What this task involves – Find and copy each line of the data that includes "Ring".

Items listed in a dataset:
■ ■ ■ ■ ■
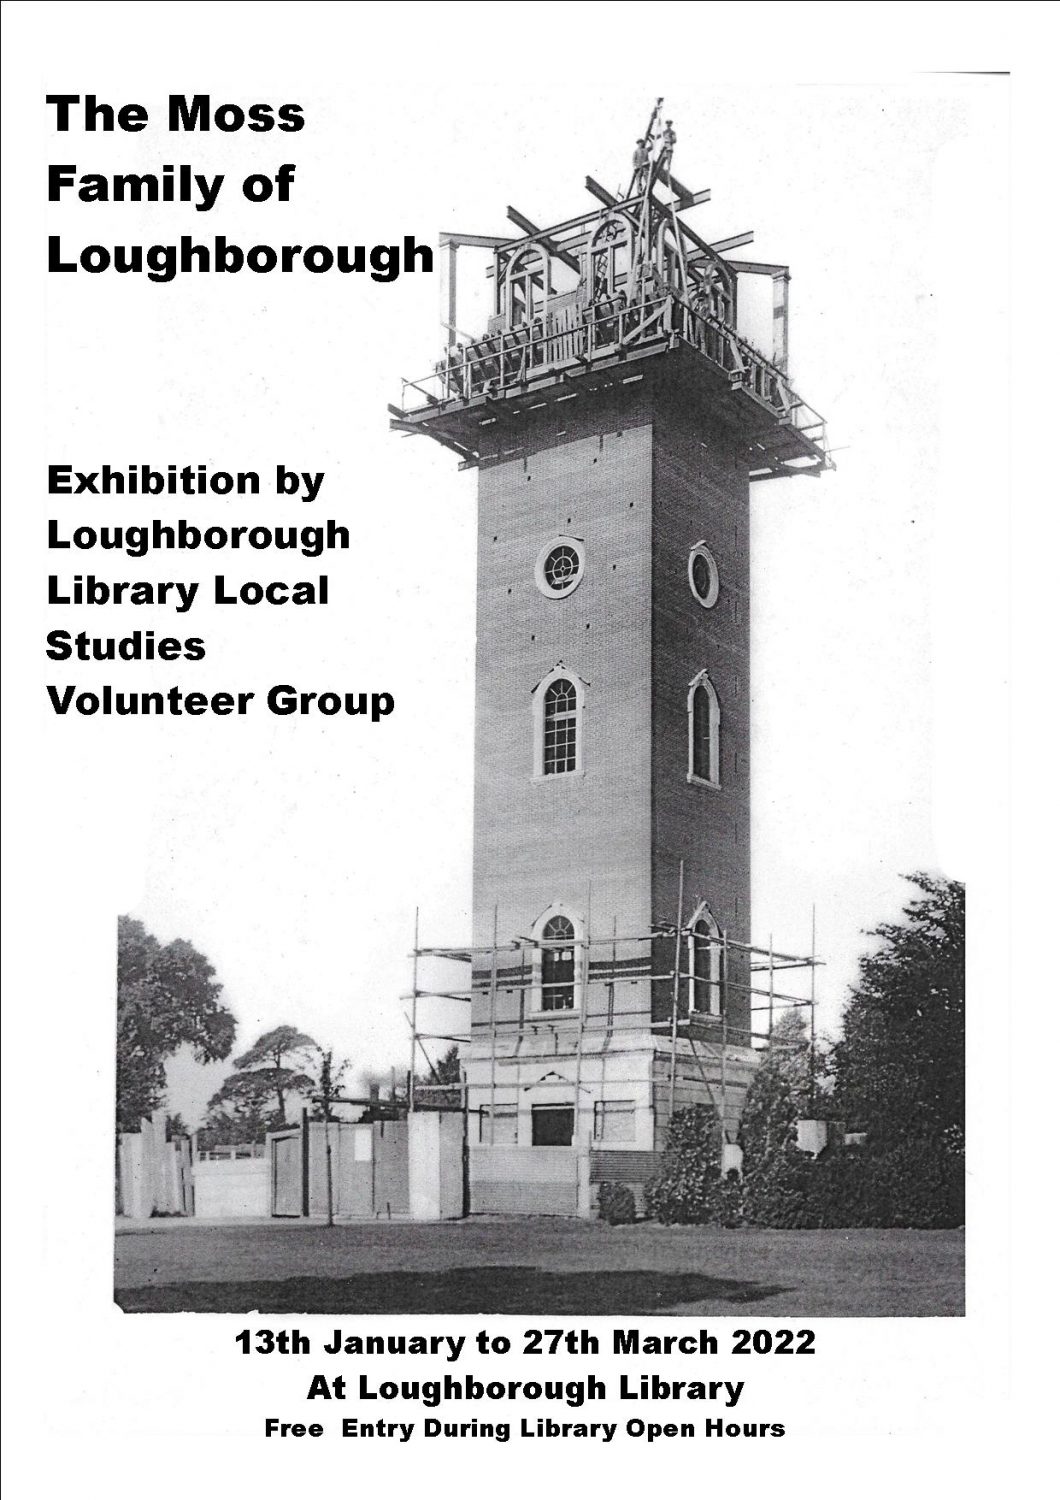 The Moss Family of Loughborough- New Exhibition
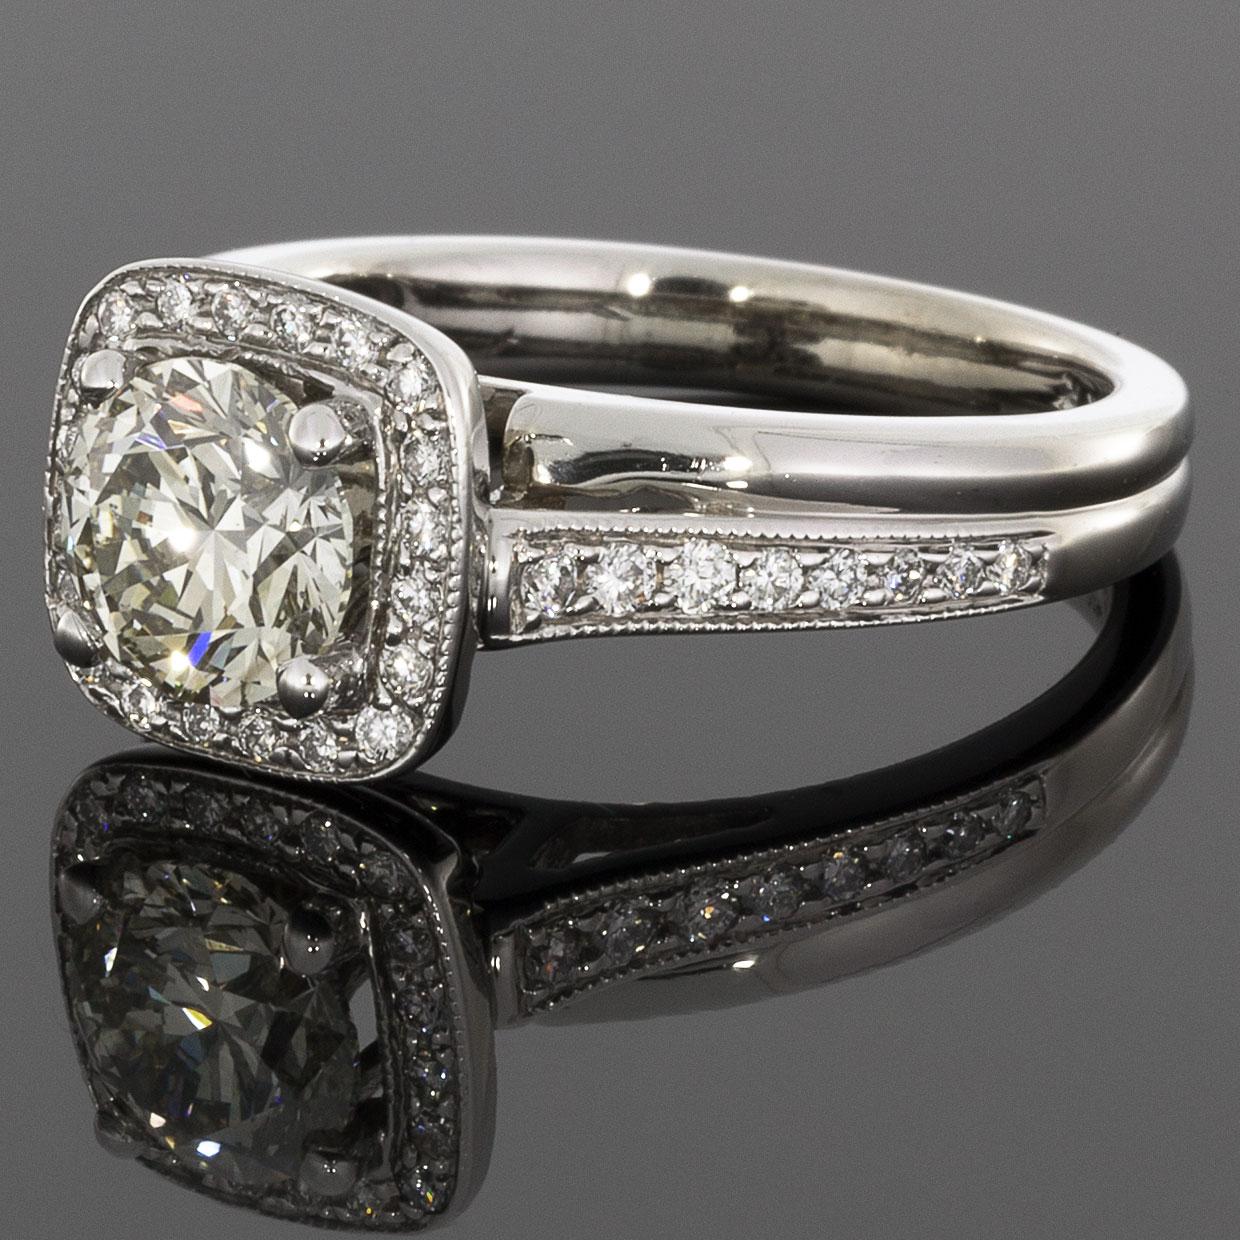 Item Details:
Estimated Retail - $7,000.00
Metal - 14 Karat White Gold
Total Carat Weight (TCW) - 1.60 ctw
Style - Vintage Style Bypass Halo Engagement Ring
Ring Size - 6.00
Sizable - Yes
Width - 4.15 mm

Stone 1 Information:
Stone Type -
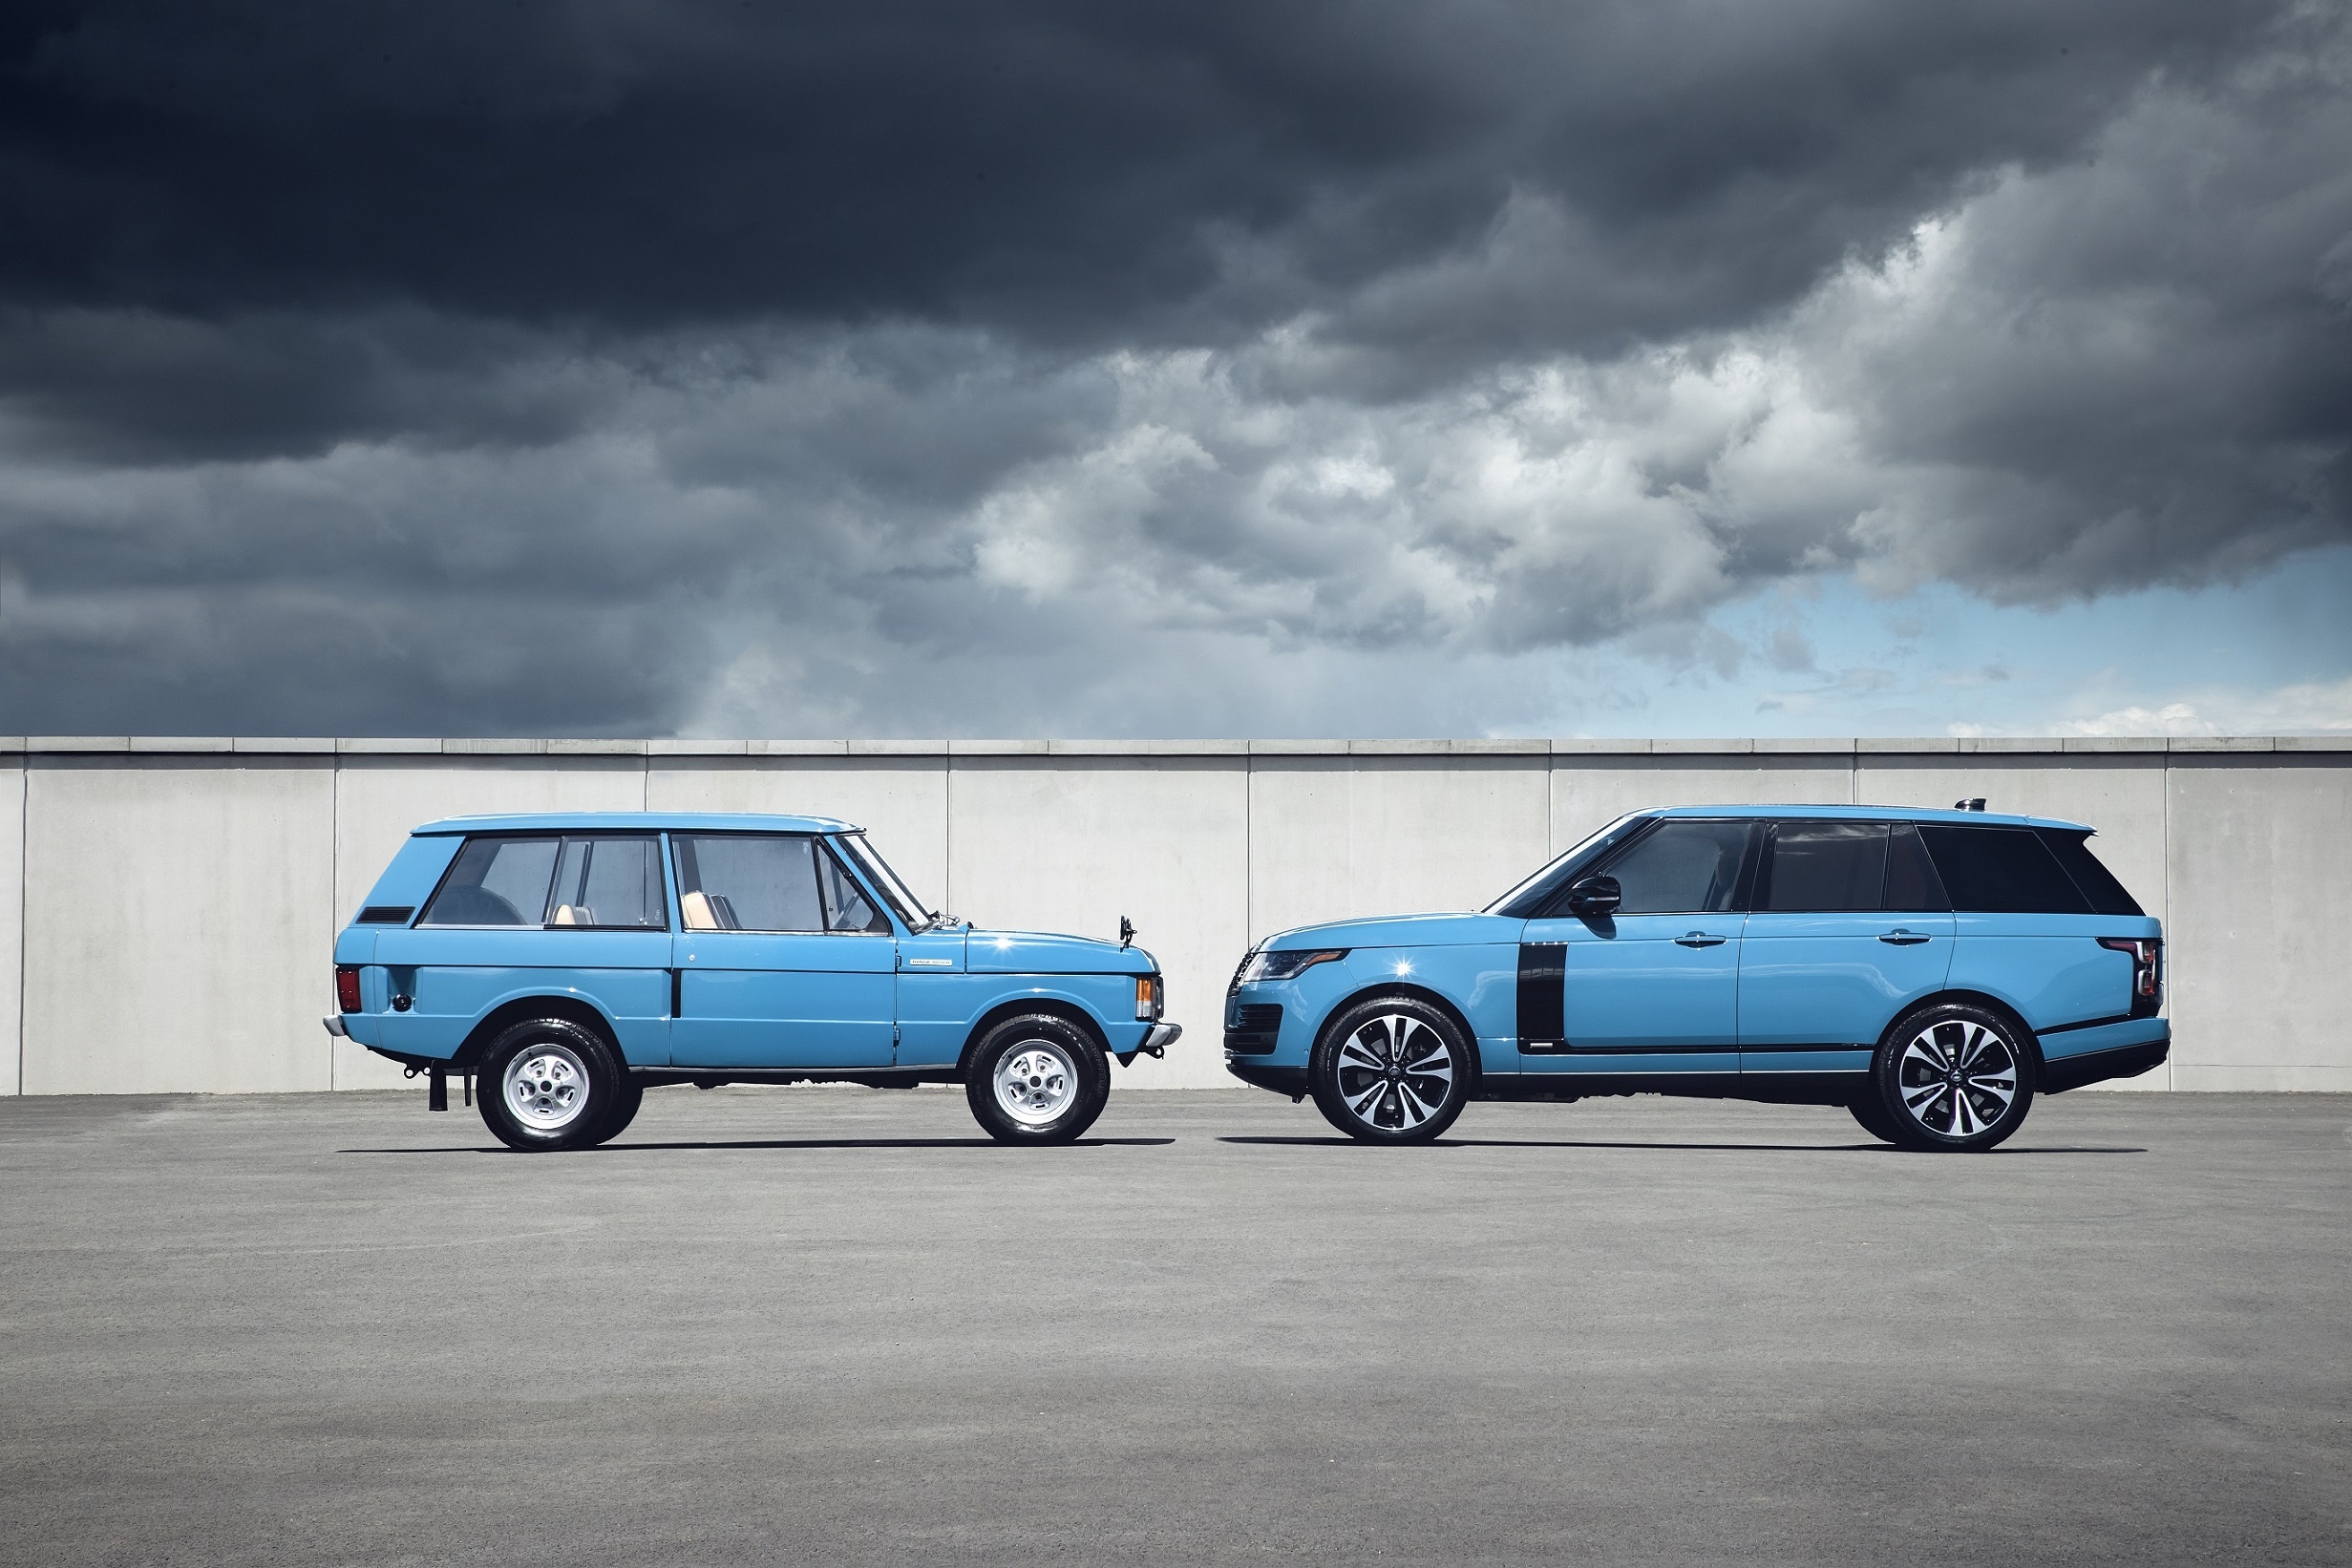 RANGE ROVER MARKS 50 YEARS OF ALL-TERRAIN INNOVATION AND LUXURY WITH EXCLUSIVE NEW LIMITED EDITION
■ ■ ■ ■ ■
Response box –
Style - Vintage Style Bypass Halo Engagement Ring
Ring Size - 6.00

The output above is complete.